* [Your goal]:
With the pictures left out, print exactly the lines below that run from the one containing "スペースエイジモースコード、ファー...の再生済みの波形" through the one containing "Armani Workwear 16-12".

* [Supplied data]:
"""
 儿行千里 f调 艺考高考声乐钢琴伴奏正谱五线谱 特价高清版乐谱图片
"""
"""
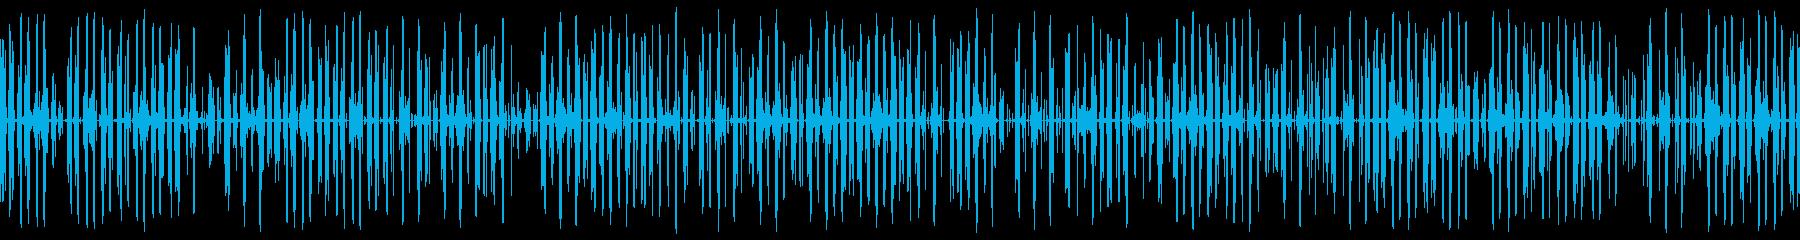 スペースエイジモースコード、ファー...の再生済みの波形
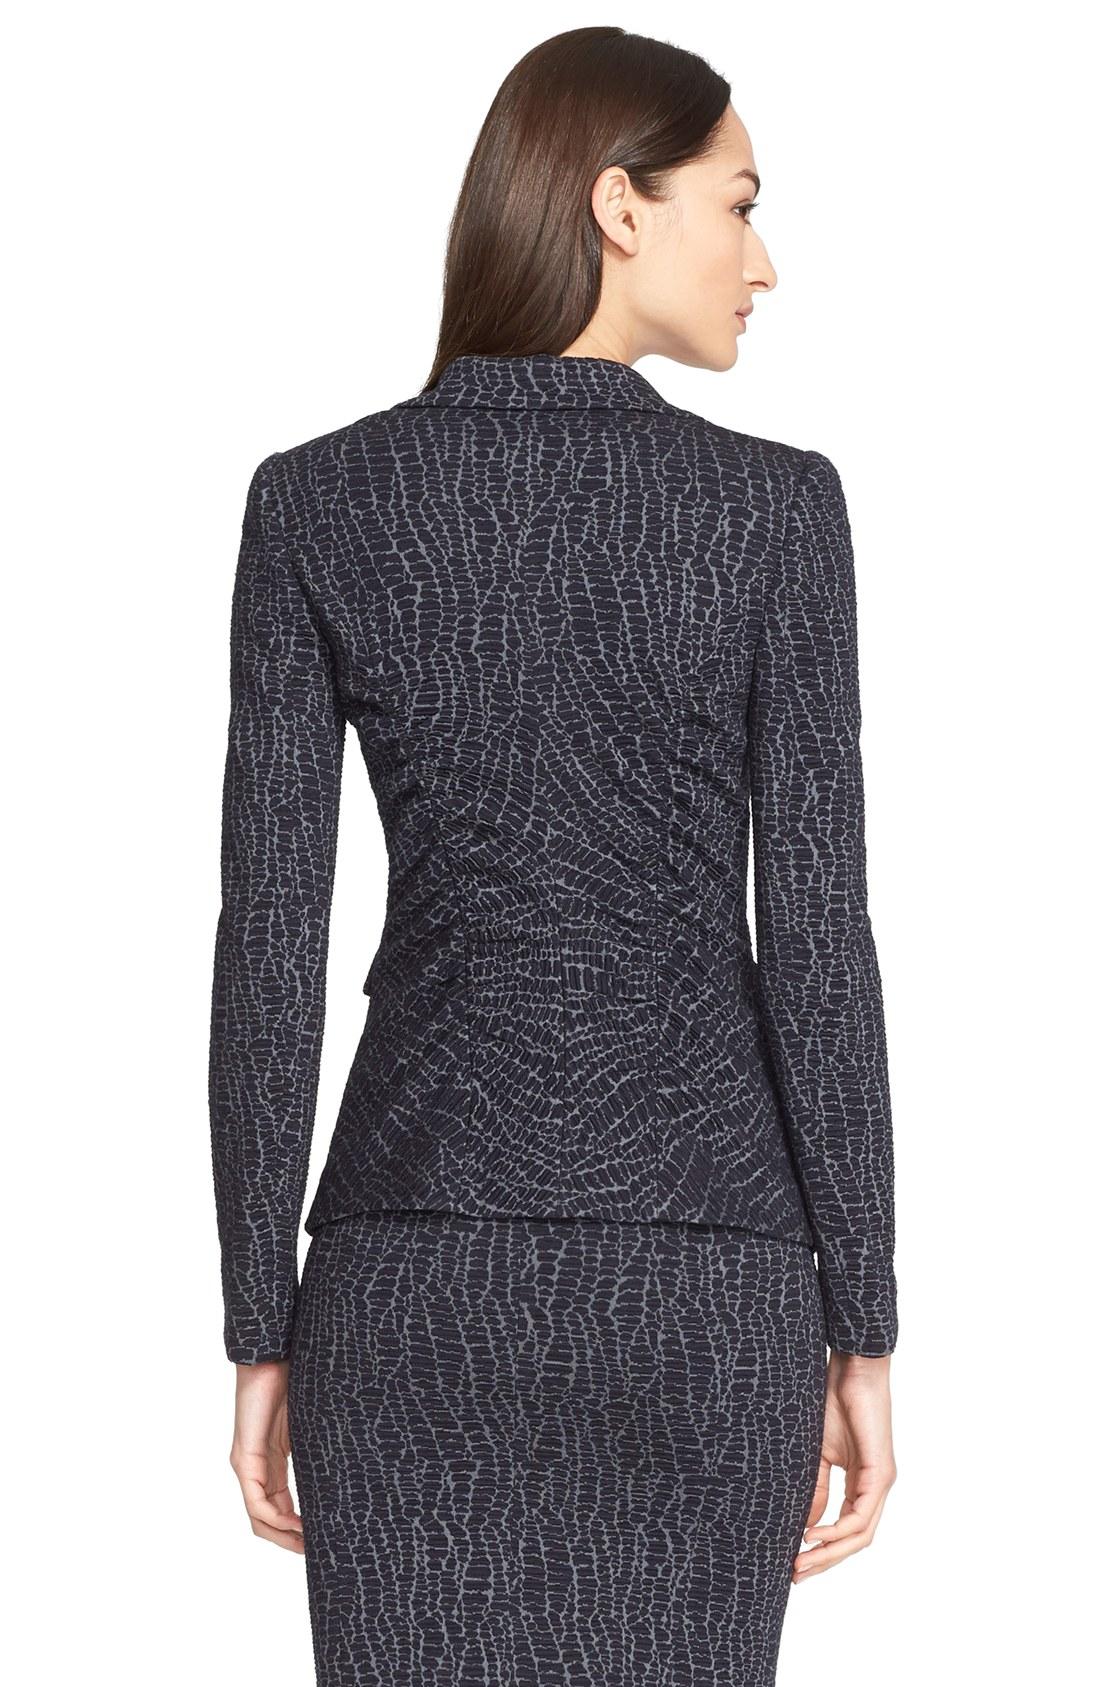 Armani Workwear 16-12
"""
"""
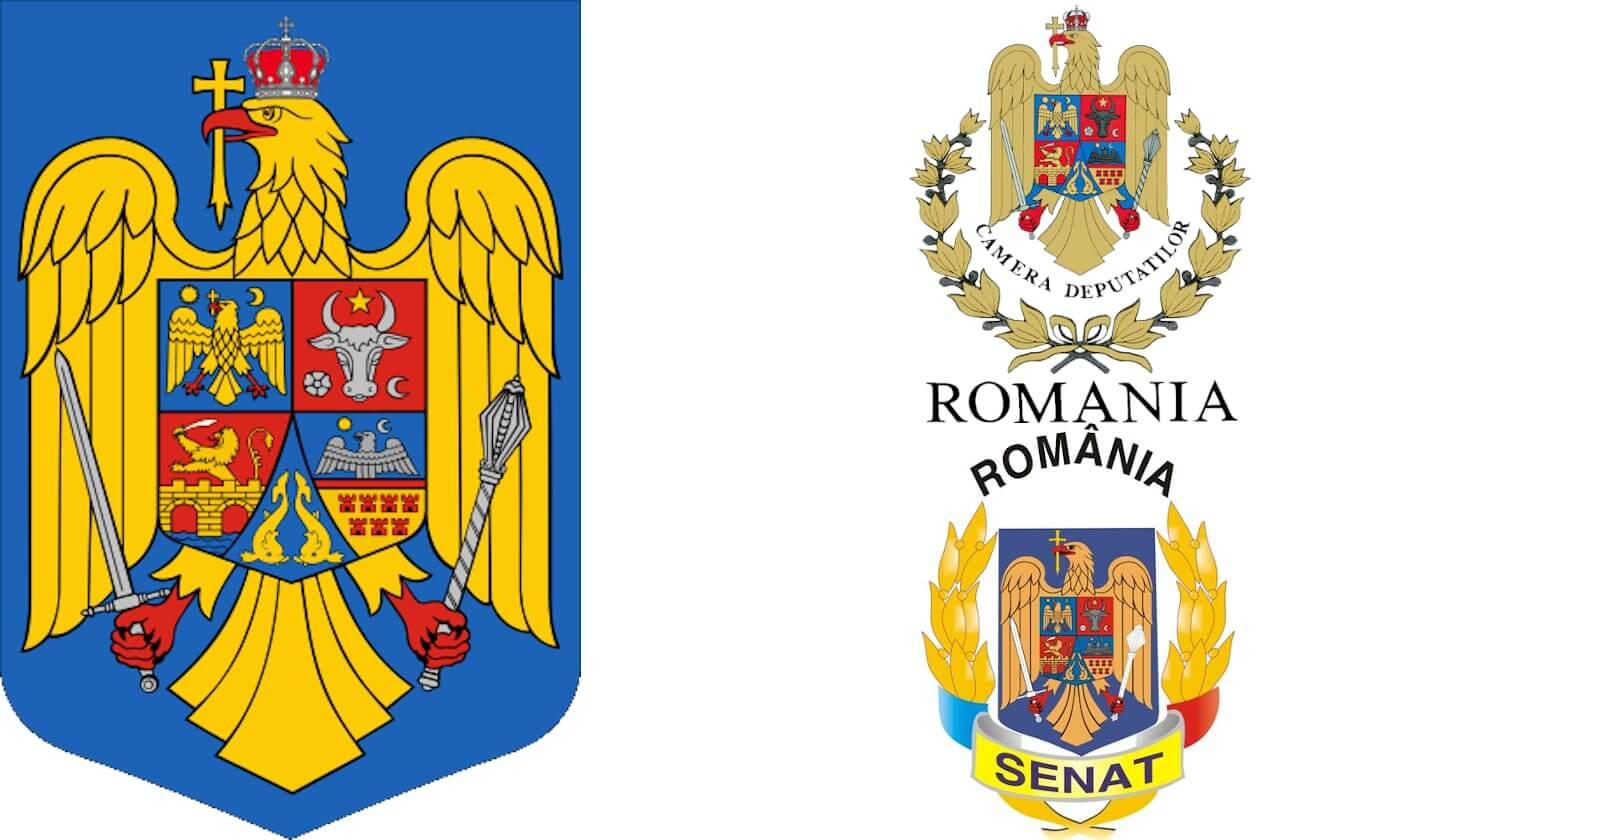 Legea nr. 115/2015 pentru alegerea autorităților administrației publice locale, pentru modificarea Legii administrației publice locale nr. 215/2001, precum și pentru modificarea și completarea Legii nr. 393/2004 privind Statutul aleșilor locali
"""
* [Written answer]:
 スペースエイジモースコード、ファー...の再生済みの波形
 Armani Workwear 16-12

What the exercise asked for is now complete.